Once it matures enough for consumption, ugni blanc contains about 20% sugars. Its acidity is also high at that time. An upside to ugni blanc is that droughts do not affect it. However, low temperatures do not have a positive impact on it and it can freeze if exposed to such. Another positive trait to ugni blanc is that the seeds do not crack and hardly ever rot.
History of Ugni Blanc
There is serious debate as to the country of origin of ugni blanc. Some say it is France, although extensive plantations of it do exist in Tuscany, leading many to believe that that is where its roots should be sought. Ugni blanc is of the varieties with a centuries' long history. It was known to people as far back as Roman Times. Its official description was done much later on.
Old chronicles indicate that it was described at the beginning of the 14th century by the Italian botanist Pierre Crechentsi. As time went on, the variety that was once popular only in France and Italy gained wide fame and was exported to many other countries. In the past it was believed that adding this variety to certain red wines enhanced their color qualities and extended their shelf life. Today, however, winemakers are not of the same opinion.
Characteristics of Ugni Blanc
Ugni blanc gives light, fine and fresh wines that possess an unobtrusive flavor with flavorful nuances. The soft, refined and balanced taste is quickly picked up by any wine lover. The color of ugni blanc is light to hay yellow. In some of the wines, one may notice certain fruit tinges, reminiscent of lemon or grapefruit. The quality does not improve with aging and therefore it is not recommended.
Serving Ugni Blanc
If you've decided to serve several types of wine in one night, it's best to start off with the light ones. Following this rule, ugni blanc must be served first. When serving, the temperature of the wine needs to be about 48°F (9°C). Serve the wine in glasses, specifically chosen for light and young wines. The tulip type glass is perfect. You will know it by its rim, that protrudes out smoothly. This type of glass is a bit elongated so that the delicate flavor does not escape too quickly. When pouring in the alcoholic beverage, fill the glass up 2/3 or halfway, not up to the top.
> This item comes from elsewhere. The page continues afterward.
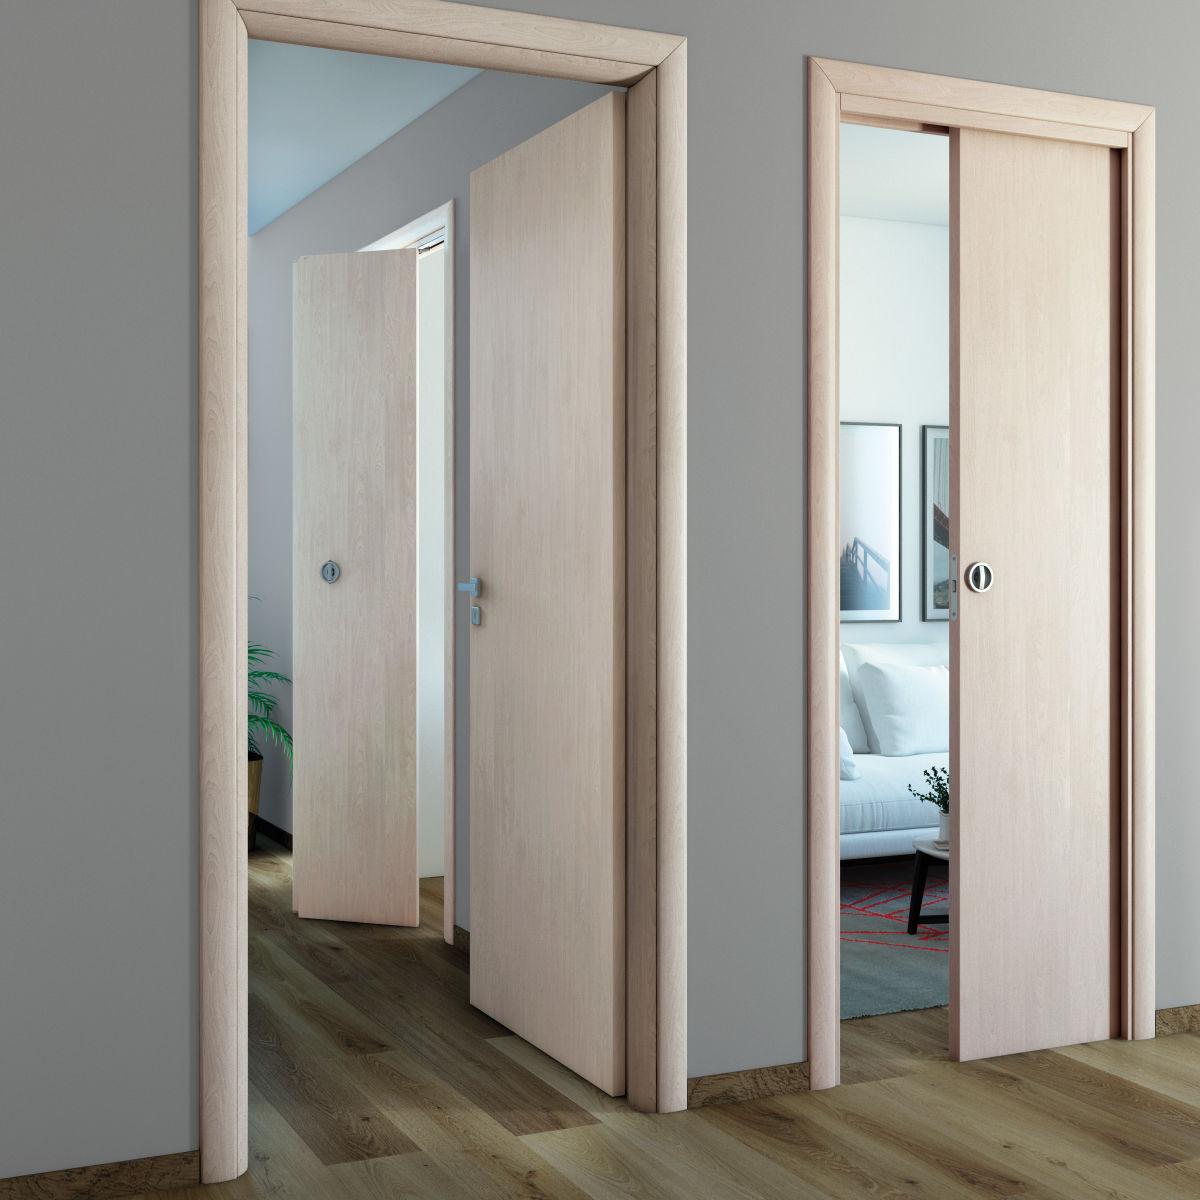 Offerta porte scorrevoli perfect pannelli in vetro with offerta porte scorrevoli armadio con - Porte da interno ikea ...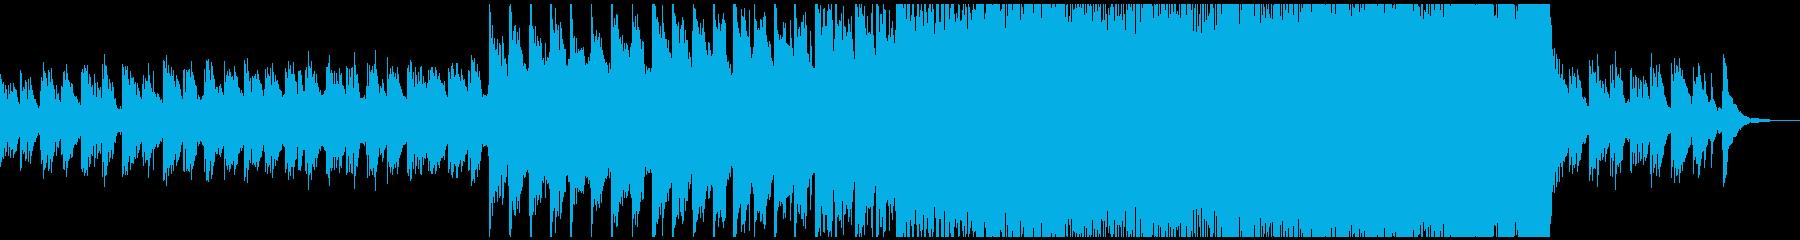 卒業式をイメージしたピアノポップサウンドの再生済みの波形

The wonderful thing about ugni blanc is that it combines excellently with various foods. The drink is a faithful companion to exquisite specialties, as well as dishes affordable by any budget. Dishes with fish and crustaceans are a superb choice. Not so long ago, scientists proved that white wines are the most suitable alcohol when eating fish and seafood. According to the study, white wine improvements the taste of fish, while red wine undermines it and even leaves an unpleasant taste in the mouth.
Among the most appetizing additions to white wine are sauteed fish with boiled vegetables, fish with leeks and thyme, fish with dairy sauce and fish with parsley in the oven. You can combine ugni blanc with Russian-style boiled crabs, crab souffle, crab salad or tomatoes stuffed with crabs and mayonnaise.
Some chefs boldly combine this type of wine with different cheeses. Hard and aromatic goat cheeses are preferred. According to many, the wine can be consumed with various vegetable salads with fresh veggies or pasta. The wine is recommended to be seasoned with saffron, thyme, marjoram or basil.